Beh’, sono molte le considerazioni che scaturiscono da questo spettacolo. Intanto vale raccontarlo: poco meno di un’ora; Andrea Renzi solo davanti a un banchetto che talvolta diventa il piedistallo della sua statua (sua di Majakovskij…); un fondale ora bianco, ora scuro picchettato di stelle, ora rosso come il fuoco. Uno spettacolo, dunque, fatto solo di parole. Di parole e della fisicità di Renzi che, nel piccolissimo rettangolo di spazio scenico che si concede, corre, si dimena, urla, spara, arringa le masse. E allora, ecco una considerazione sull’attore: chi lo conosce, sa che la strada percorsa da Renzi è lunga e piena di angoli retti. Dagli esperimenti di Falso Movimento con Mario Martone (come dimenticarlo in Ritorno ad Alphaville?) a quelli più marcatamente poetici di Antonio Neiwiller; poi il cinema d’autore (da Martone a Sorrentino, da Ozpetek a Salvatores, da Muccino a Roberto Andò); fino al grande successo popolare in televisione. Eppure, con questo piccolo grande spettacolo ritorna alle origini: si concede il gusto dell’azzardo, modellandosi addosso i versi pazzi, visionari eppure concreti di Majakovskij. Dimostrando che la strada che ha percorso solo apparentemente è fatta di angoli retti: in realtà segue una linea circolare. Ed è quella stessa della sperimentazione teatrale nata a cavallo tra gli anni Settanta e gli Ottanta (oltre a Martone, è il caso di Toni Servillo, ma anche Federico Tiezzi e Sandro Lombardi): partita dalla figurazione, è arrivata a una ridefinizione dell’arte dell’attore nel suo complesso, arricchendo la tradizione di una fisicità (direi di una capacità di usare se stesso come un’immagine) che non ha precedenti.

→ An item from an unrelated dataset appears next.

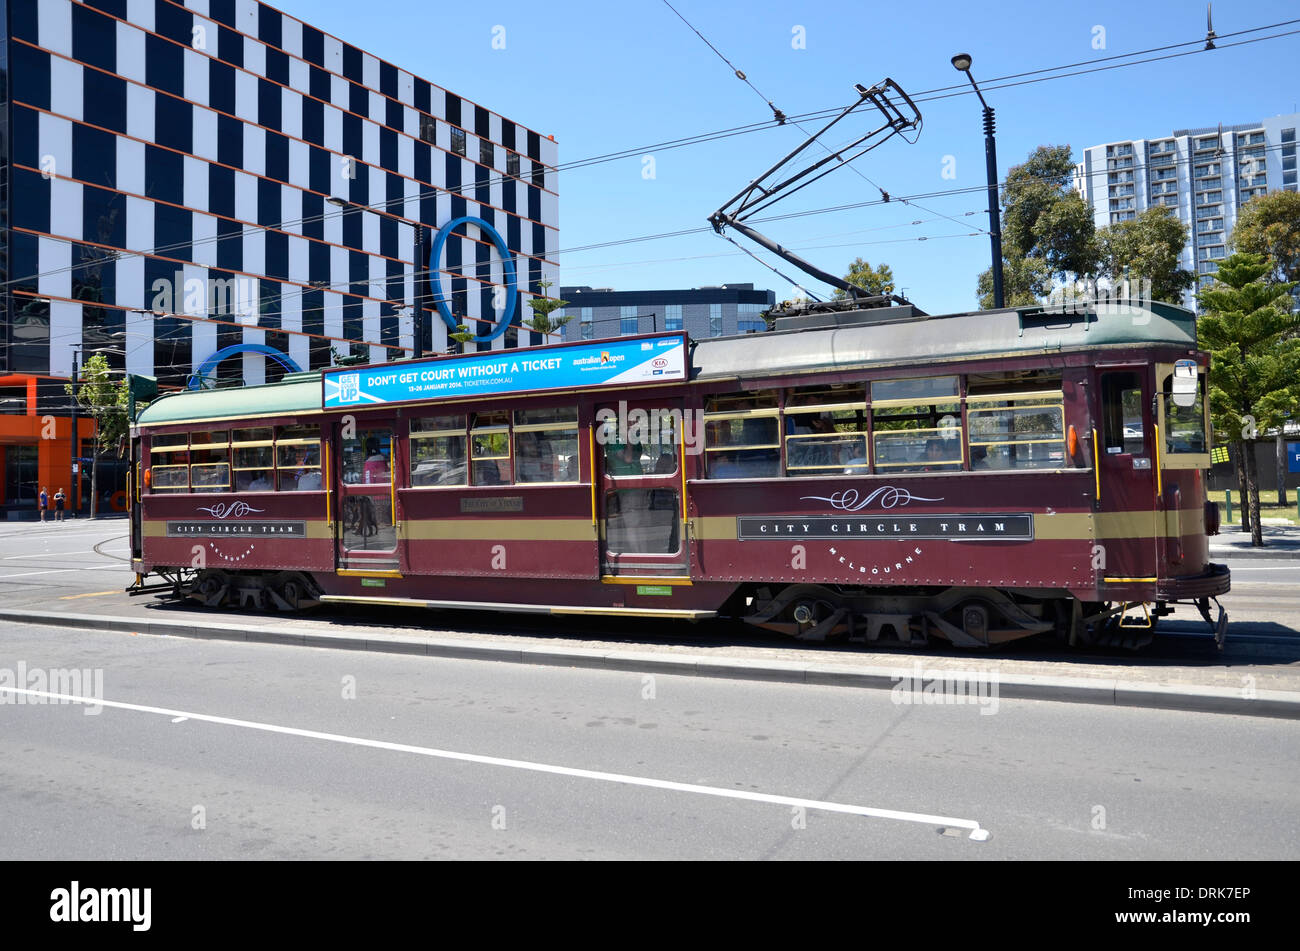 A W7 Class Melbourne Tram at Docklands on the city circle line Stock Photo
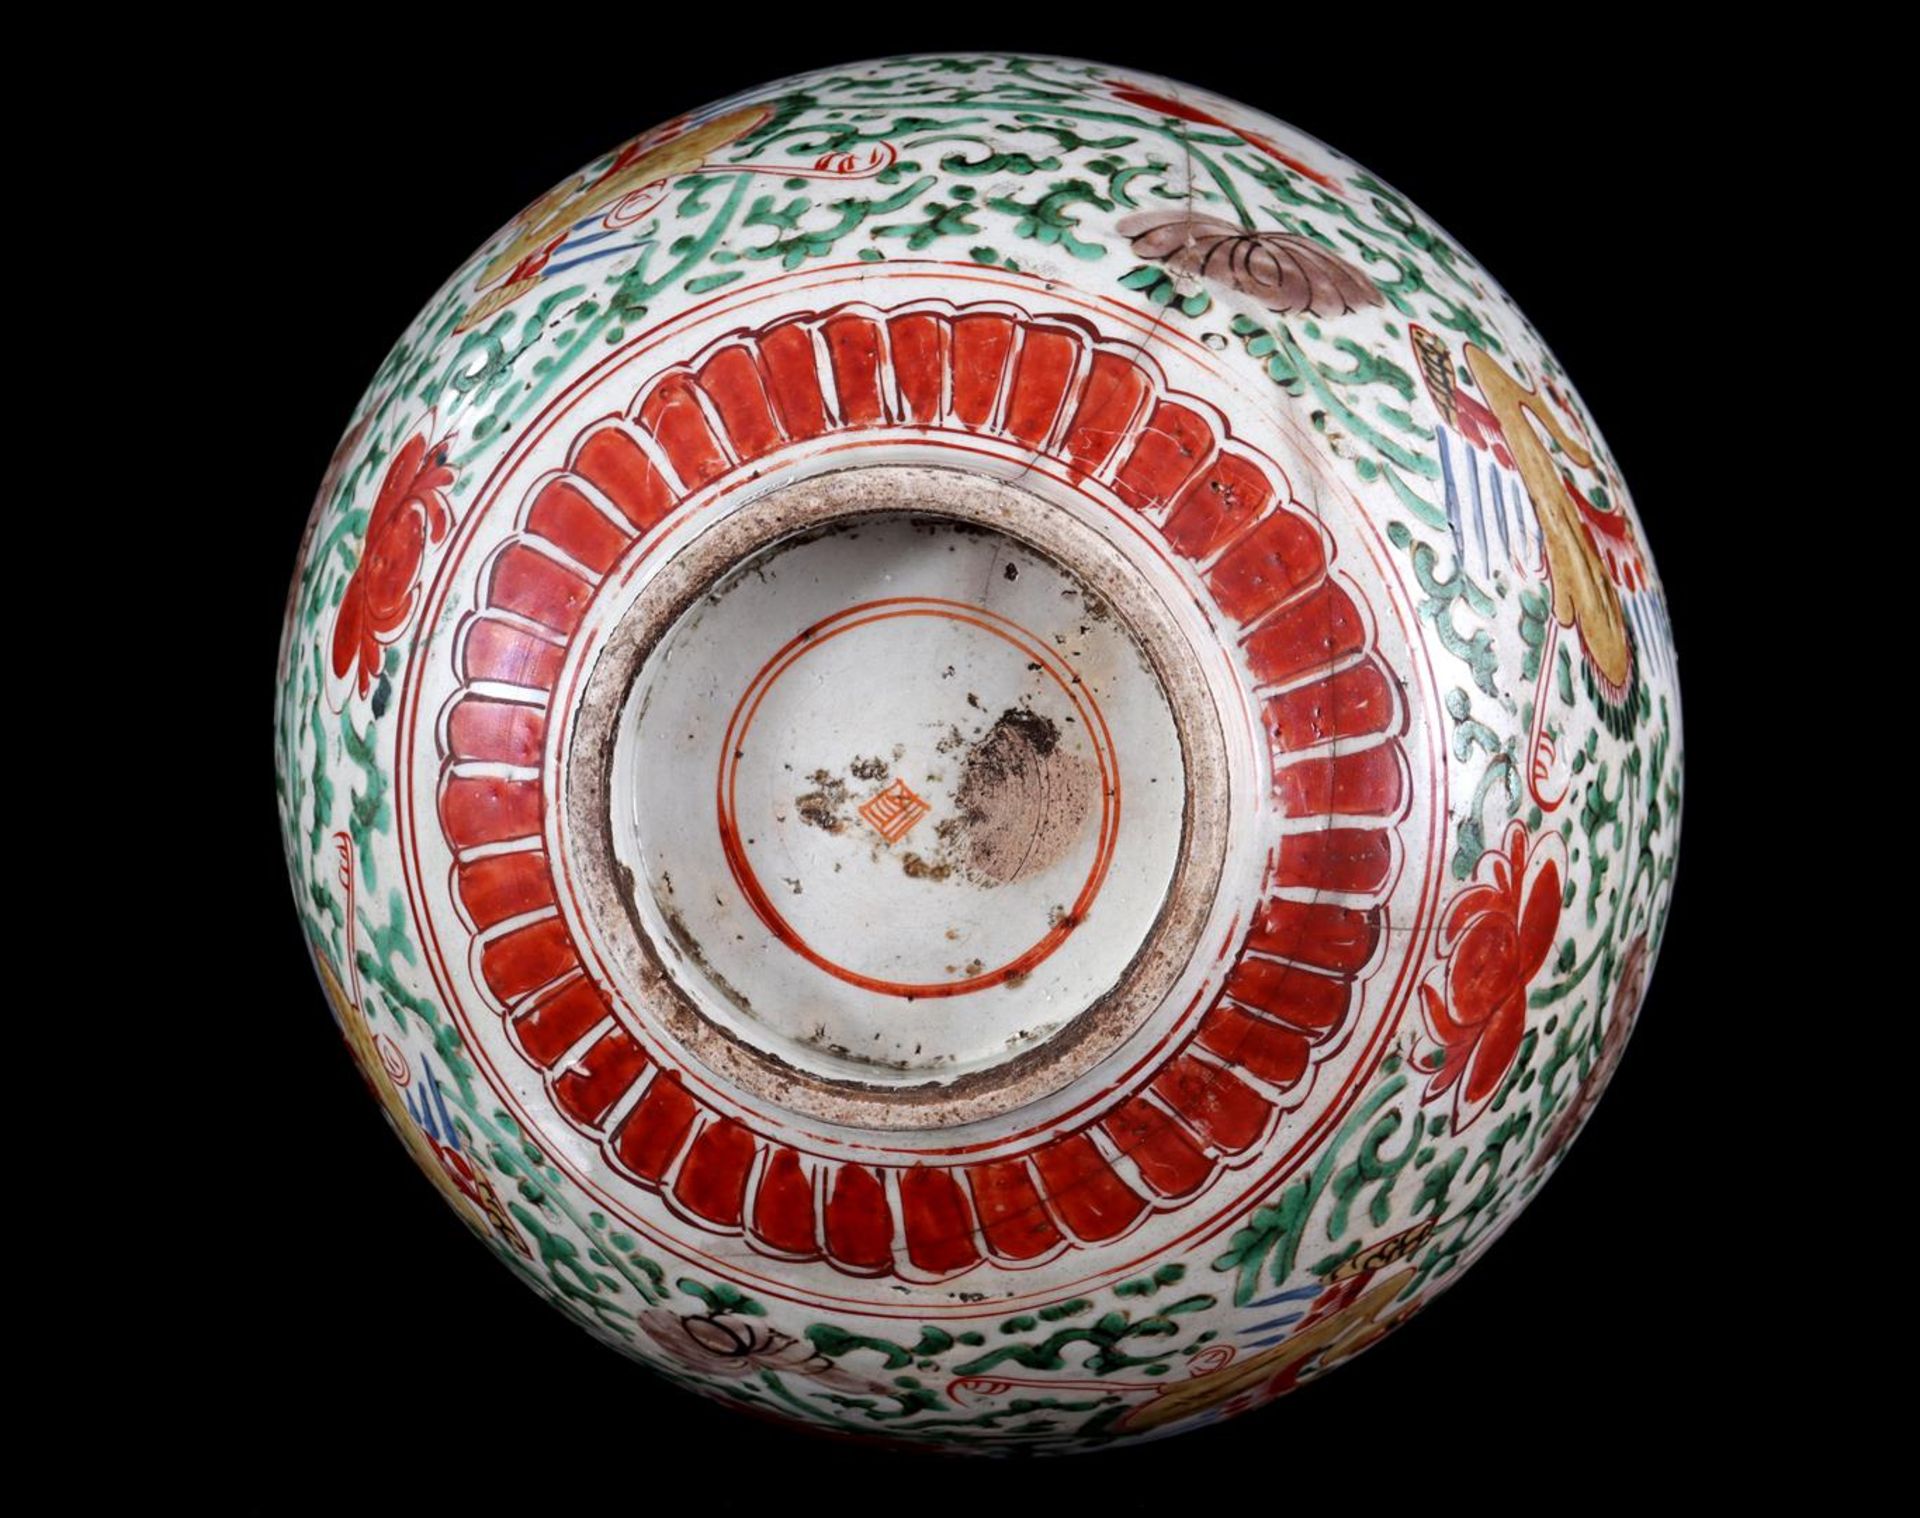 Porcelain polychrome Swatow bowl - Image 3 of 4

Anzi, no. Un precedente ce l’ha. Ed è proprio nella biomeccanica russa (ossia la più grande avanguardia scenica del Novecento) che Andrea Renzi qui cita e rimodella a suo gusto.

L’altra considerazione che va fatta è nella straordinaria vitalità di Majakovskij. Non è una sorpresa, direte voi, che un poeta visionario del primo Novecento sia ancora attuale. Ed è vero, ma certo colpisce sentire nelle parole di un artista che deliberatamente, generosamente e inutilmente si regalò al comunismo, una vena critica anzi tempo («Non fate di Lenin un dio perché era solo un grande uomo», dice la sua celebre, magnifica orazione omonima che detta da Renzi mi ha ricordato, figuriamoci, quella shakespeariana di Marc’Antonio per Giulio Cesare) e uno scetticismo di fondo che lo rende eccezionalmente moderno («Il futuro di un uomo è qui, al centro delle sue cinque dita»). Sarebbe un poeta da rileggere, Majakovskij, se solo qualche editore lo ripubblicasse. Anche per capire che, in fondo, del Novecento ci siamo persi troppe cose!